A defining feature of MAVEs is the parallel assessment of variant function. After variant libraries are introduced into a model system, all variants are exposed to a phenotypic selection. The cell population is then sequenced to quantify variant frequencies before and after selection, allowing simultaneous analysis of functional effects across the entire library.

Since MAVEs generate large-scale, count-based data within a single experiment, they are suitable for statistical modelling. Various tools used to calculate functional scores estimate effect sizes based on variant frequency, often using Bayesian methods or maximum likelihood estimations.

One of the biggest strengths of MAVEs is the ability to link genotype-to-phenotype through a measurable output such as growth, reporter activity, protein function. Variants are subjected to selection, and their relative enrichment or depletion reflects their functional impact. This genotype-phenotype association is central to MAVEs.

The prime output of a MAVE is a variant effect map, which summarizes the functional score for each variant in a gene, protein, or regulatory element. Since a comprehensive map of every variant is generated from MAVEs, they can reveal which mutations are highly constrained and lead to a loss of function, identify flexible regions where variation is tolerable, and help validate sequence/structure/function relationships.

The scale and density of mave datasets make them valuable for training and benchmarking computational variant effect predictors (VEPs). Empirical variant effect maps have been used to evaluate VEPs, improve pathogenicity prediction, and inform clinical variant interpretation.

== Limitations ==
=== Context-dependent bias ===
The fact that this is being done in a laboratory model means there is always going to be some ambiguity about how it relates to humans until clinical data can be compared to MAVE data. Although many homologous genes and biological processes exist between model organisms and humans, the biological context differs compared to humans. For example, proteins may fold differently.

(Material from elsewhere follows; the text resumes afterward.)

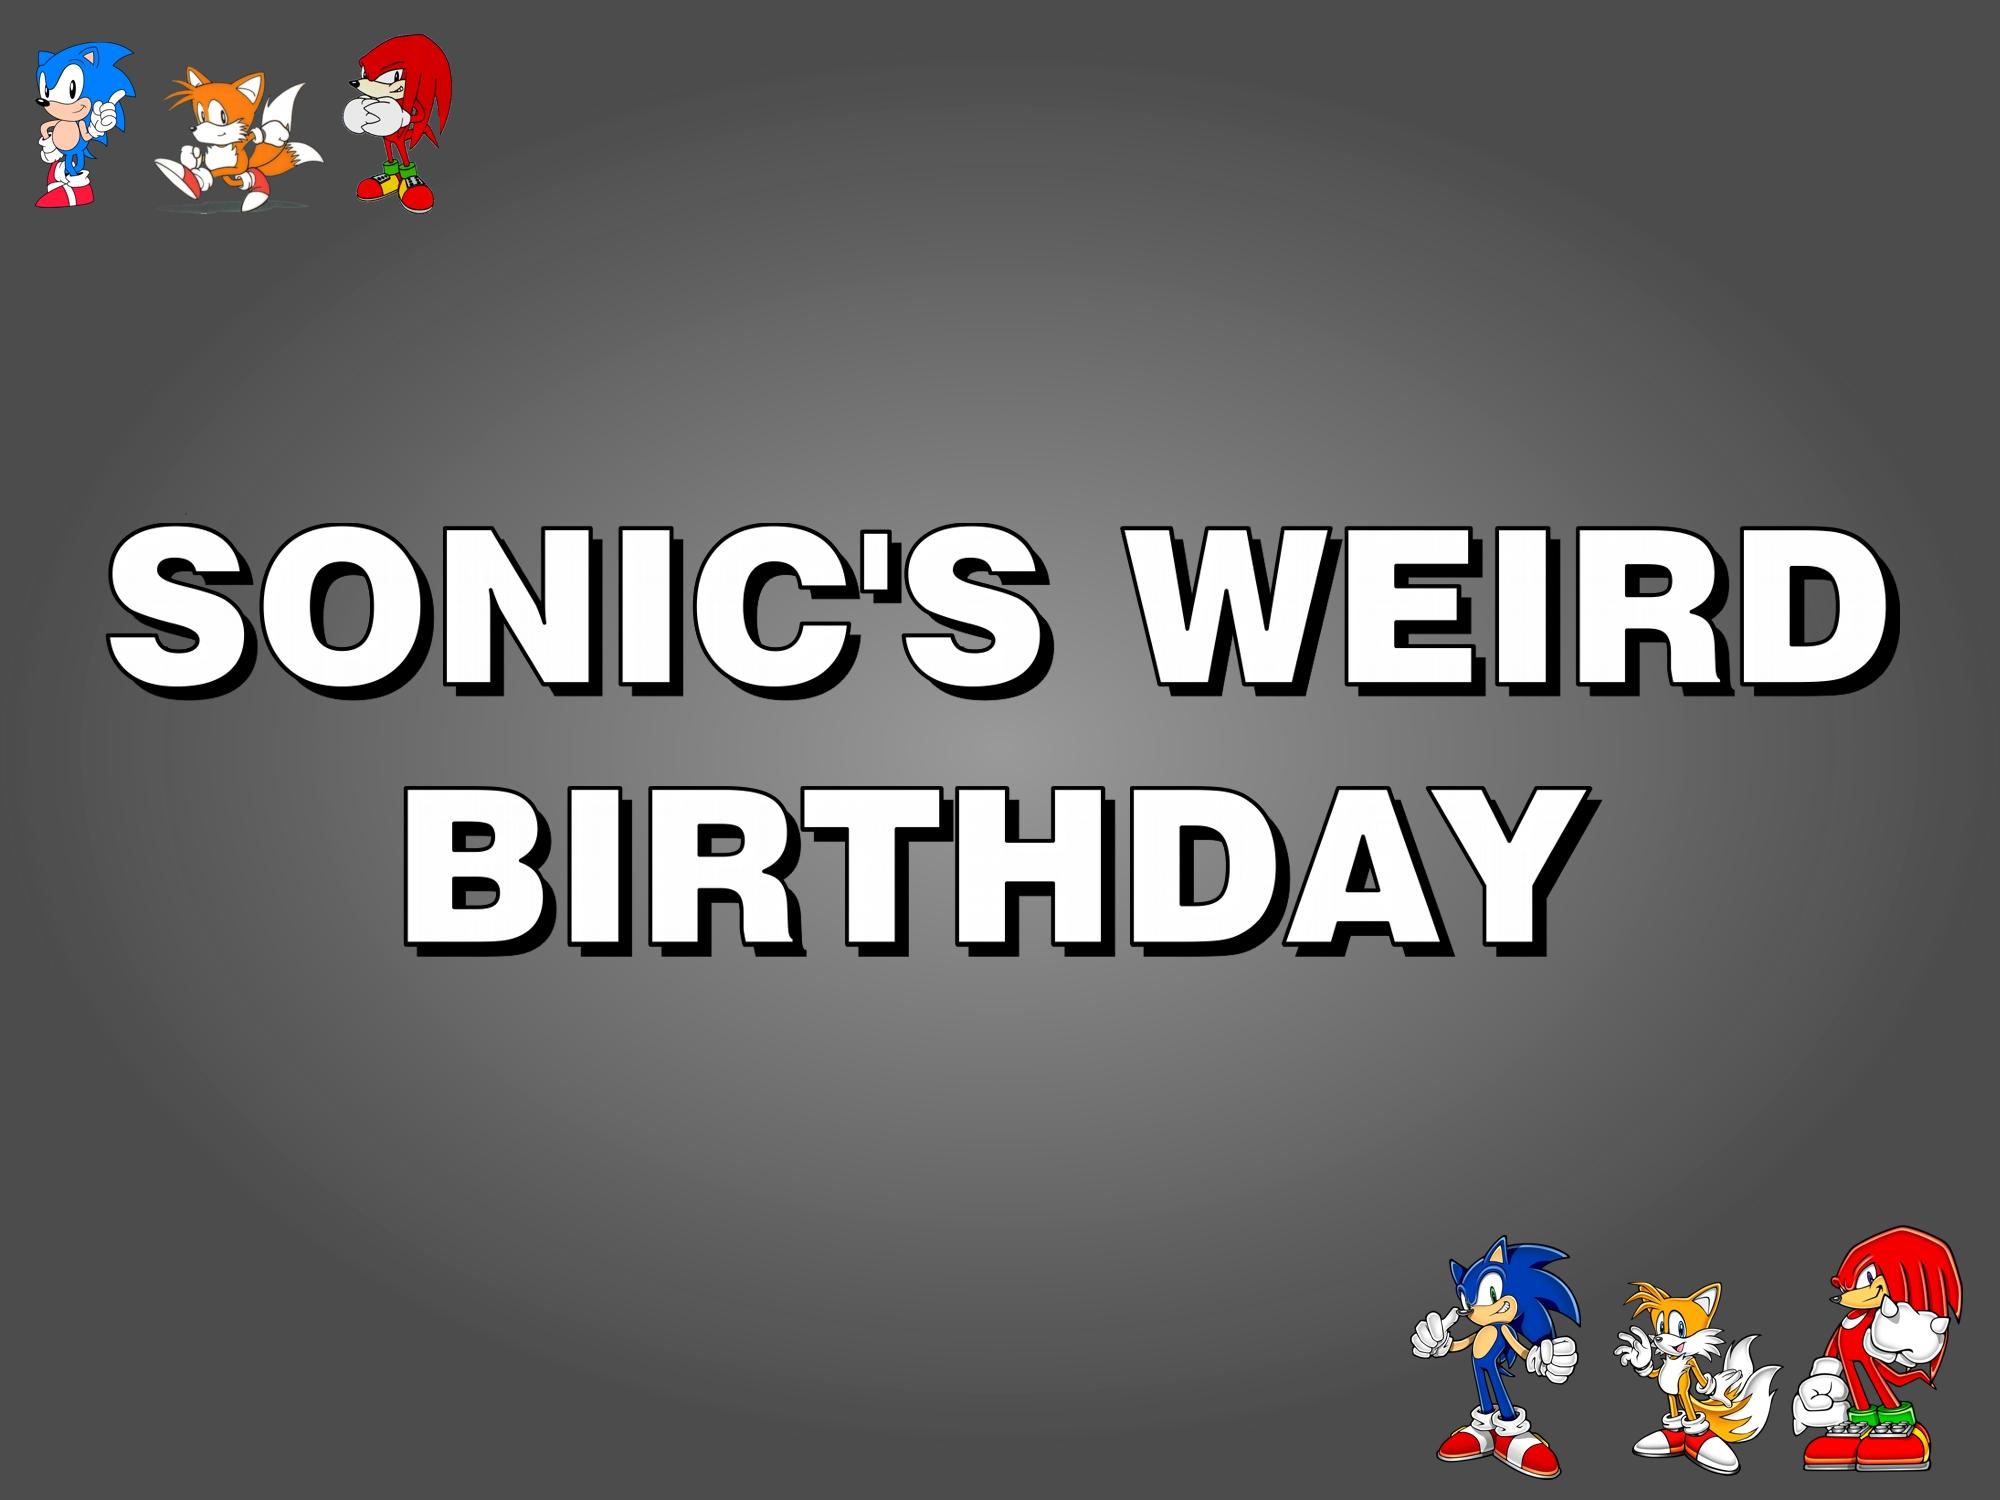 Sonic's Weird Birthday

=== Assay-specific biases ===
The outcomes of MAVEs rely very heavily on what sort of Phenotypic data you are looking for. The functional scores generated by a MAVE are specific to the phenotypic assay chosen. This means that two variants can appear equal in one assay and unequal in another assay. For example, two variants may produce the same protein amount however, their enzymatic ability may be different. This is sometimes accounted for by an experiment using multiple types of phenotypic selections. However, this remains a potential blind spot in this experiment.

=== Scalability ===
Researchers must have a pre-defined region of interest, such as a Protein or Non-coding region. The one-region nature of MAVEs also means that Epistatic effects may be missed, as two genes will rarely be mutated together in the same MAVE. This exemplifies MAVE's scalability problems. Whole-genome MAVEs are not feasible due to the large number of variations present in the genome. This is why MAVEs have to focus on a single gene. Moreover, if researchers sought to do MAVEs in multiple genes, they would encounter exponential scale issues. Therefore, although MAVEs are useful, they would struggle to show the interactivity between variants on multiple loci.